The test statistic for testing above hypothesis testing problem is

$$\chi^2 =\frac{(n-1)s^2}{\sigma^2}$$

#### Step 3 Level of Significance

The significance level is $\alpha = 0.01$.

#### Step 4 Critical Value

As the alternative hypothesis is $\text{two-tailed}$, the chi square critical values for $\alpha=0.01$ level of significance and $n-1 = 19$ degrees of freedom $\text{ are }$ $\text{6.844 and 38.582}$ (from $\chi^2$ statistical table).

The rejection region (i.e. critical region) is $\chi^2 < 6.844 or \chi^2 > 38.582$.

#### Step 5 Test Statistic

The test statistic under the null hypothesis is

 \begin{aligned} \chi^2 &=\frac{(n-1)s^2}{\sigma^2_0}\\ &= \frac{(20-1)*(1)^2}{(0.8024961)^2}\\ &= 29.503 \end{aligned}

#### Step 6 Decision (Traditional approach)

The test statistic is $\chi^2 =29.503$ which falls $outside$ the critical region, we $\text{fail to reject}$ the null hypothesis.

#### Step 6 Decision (p-value Approach)

This is a $\text{two-tailed}$ test, so the p-value is the area to the left of the test statistic ($\chi^2=29.503$) is p-value = $0.0585$.

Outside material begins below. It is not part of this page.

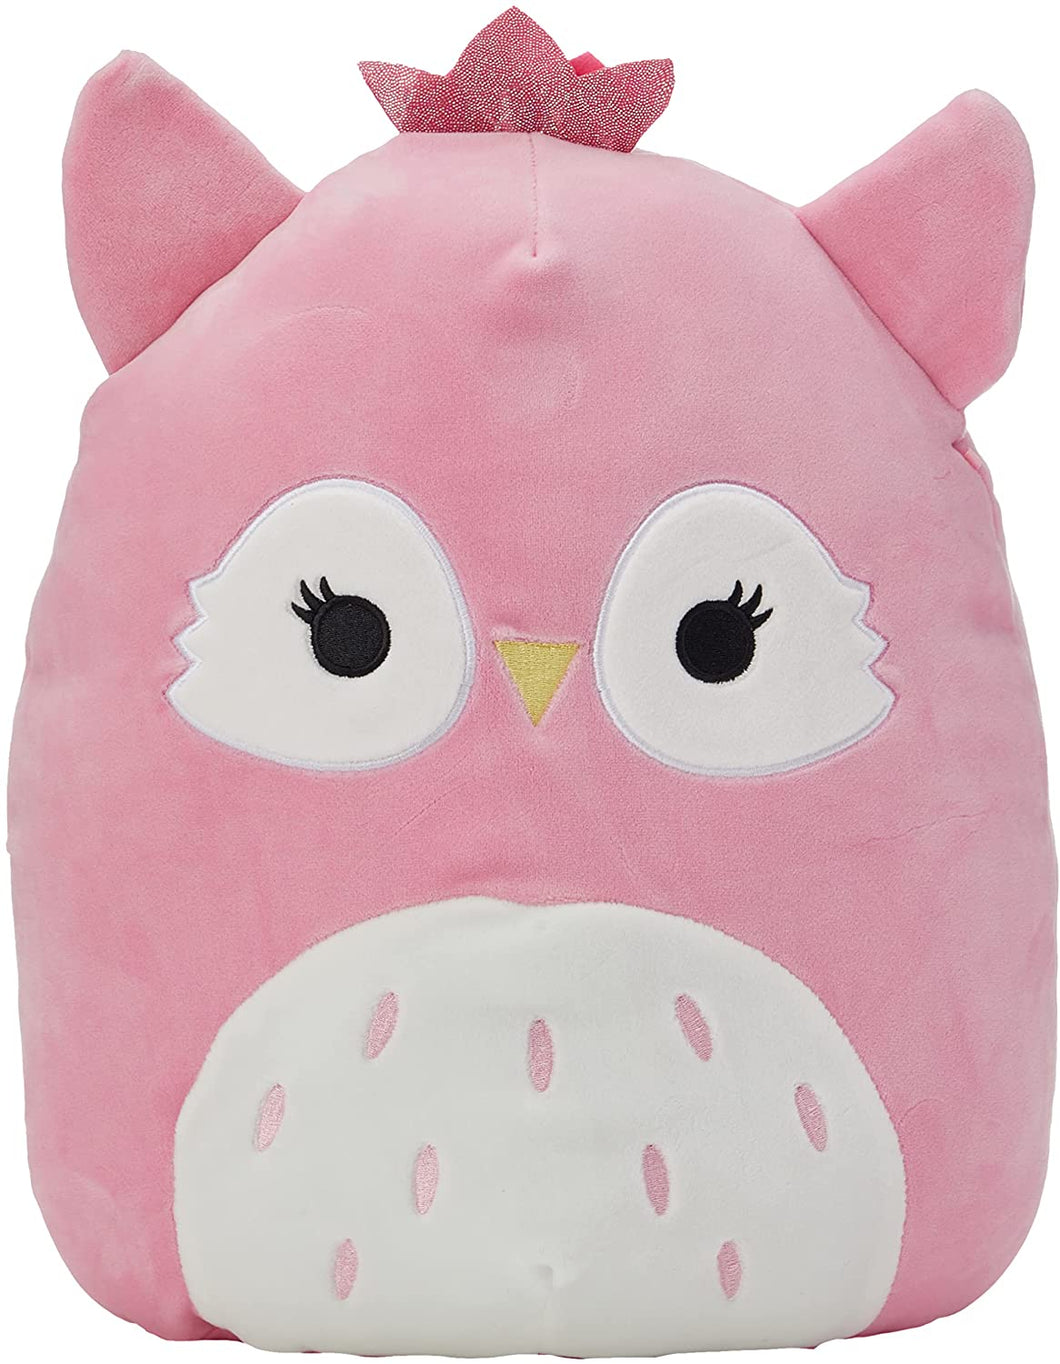 Squishmallows Bri The Pink Owl 12

The p-value is $0.0585$ which is $\text{greater than}$ the significance level of $\alpha = 0.01$, we $\text{fail to reject}$ the null hypothesis.

## Endnote

In this tutorial, you learned the about how to solve numerical examples on chi square statistics test for testing population variance. You also learned about the step by step procedure to apply chi square test for testing population variance and how to use chi square test calculator for testing population variance or population standard deviation to get the value of test statistic, p-value, and z-critical value.